RAIRDs, along with many other rare conditions, may not be explicitly preventable, but issues such as late diagnosis, and poor care and treatment, mean that people living with them experience preventable poor outcomes including, in some cases, premature mortality.
About RAIRDA and RAIRDs
RAIRDA is the first alliance linking clinical and patient organisations to campaign for improved care for people living with RAIRDs in the UK. RAIRDA is comprised of LUPUSUK, Vasculitis UK, Scleroderma and Raynaud’s UK, and the British Sjӧgren’s Syndrome Association.
RAIRDs are a range of conditions in which the body’s immune system damages its own tissues. In the UK, there are over 170,000 people living with RAIRDs, and an estimated 3.5 million people living with rare diseases. Individually, the conditions are rare, but overall, rare disease affects a significant proportion of the population.
Why the Health and Social Care Committee should consider this issue as part of its Prevention inquiry:
As part of the prevention agenda, it is important to focus not only on preventing disease from occurring, but on reducing the impact of diseases when they do occur. RAIRDs are predominantly non-genetic diseases, so no specific action e.g. genetic testing can prevent initial onset, or give an early indication that the disease will occur. However, preventing RAIRDs and other non-genetic diseases from avoidably causing serious illness and even death should be made a priority, rather than ignored in favour of more common conditions.
Why the government needs to take action in this area:
NHS services remain too focused on common conditions, with an increasing focus on high volume, low complexity conditions, exacerbated by the backlog caused by the COVID-19 pandemic. This means the current system is preventing some people with rare disease from experiencing an achievable level of good health. The resulting morbidity and mortality is preventable, if health policy and services take a greater focus on preventing people’s conditions from worsening.
The following are examples of where improvements are needed:
- Diagnosis: RAIRDA’s 2018 survey showed nearly half of respondents waited over three years from symptom onset to receive a RAIRD diagnosis.
- Access to monitoring and tests: Recent reports from RAIRDA’s member charities suggest that some patients are being left months without drug monitoring or regular blood tests for disease activity.
- Improved access to vaccines and treatments: although people with RAIRDs are at more than twice the risk of COVID-19 related death compared to the general population, our March 2022 survey showed that after testing positive, 62% of respondents did not receive automatic contact from a Covid Medicines Delivery Unit to receive potentially life-saving treatment.
Why this area would benefit from scrutiny:
Rare diseases affect a significant proportion of the population but are often side-lined in health policy discussions in favour of more common conditions.
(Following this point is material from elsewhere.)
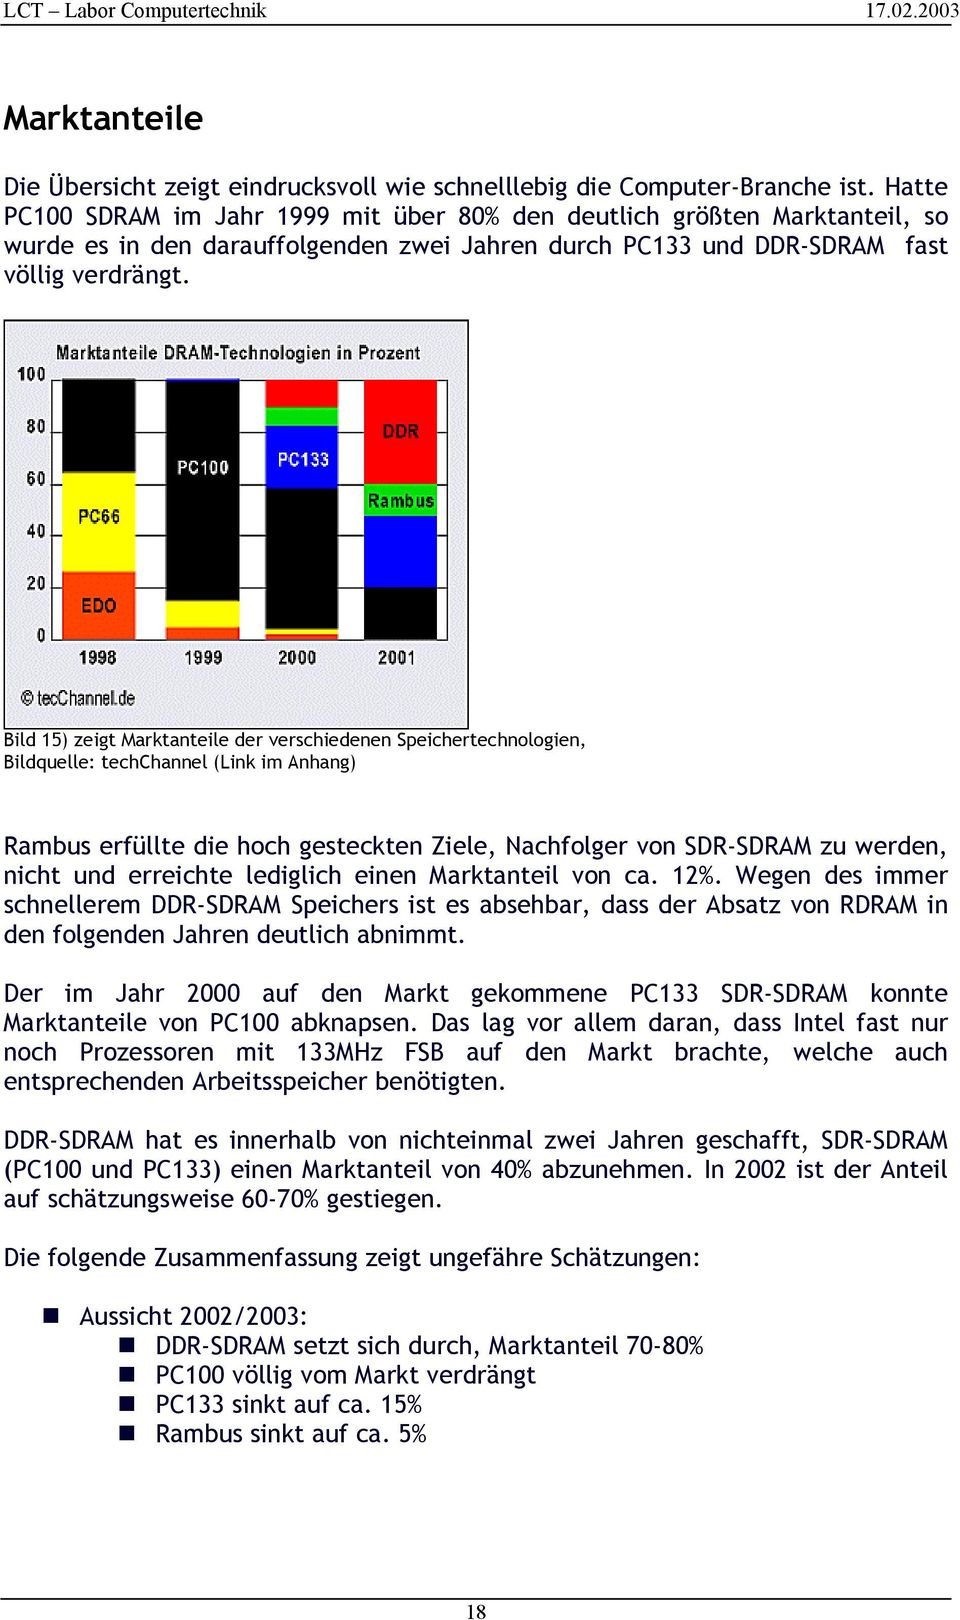 Bild 15) zeigt Marktanteile der verschiedenen Speichertechnologien, Bildquelle: techchannel (Link im Anhang) Rambus erfüllte die hoch gesteckten Ziele, Nachfolger von SDR-SDRAM zu werden, nicht und

Specifically, RAIRDs can be life threatening and significantly life-altering, yet prevention of these adverse outcomes through early diagnosis, priority access to preventative vaccinations and treatment, care coordination, access to specialist support and effective monitoring has not been given appropriate investment and attention. Scrutiny from the Committee would help highlight current inequalities in aspects relevant to prevention and encourage action to address them.
Why the Committee should look at this area now:
The UK Rare Diseases Framework (2021) has been a significant step towards improving care for rare diseases, but there are gaps in the framework which mean that people with RAIRDs are still at real risk of preventable adverse outcomes because of delays in diagnosis and issues with communication and access to treatments.
If the Committee were to include preventing avoidable disease progression and mortality for people with rare diseases on its agenda for the inquiry, it could encourage further policy development in this area. Further, RAIRDA is currently calling for the development of a NICE quality standard for rare disease and has had productive discussions with the Department of Health and Social Care. There is also the potential for research into innovative treatments to improve rare disease prognosis: for example, looking at alternatives to corticosteroid treatments, which are associated with significant long-term adverse events.
RAIRDA is grateful for the opportunity to feed into this important inquiry and hopes that prevention initiatives for rare disease will form part of the Committee’s agenda. RAIRDA is happy to provide any additional evidence required by the inquiry.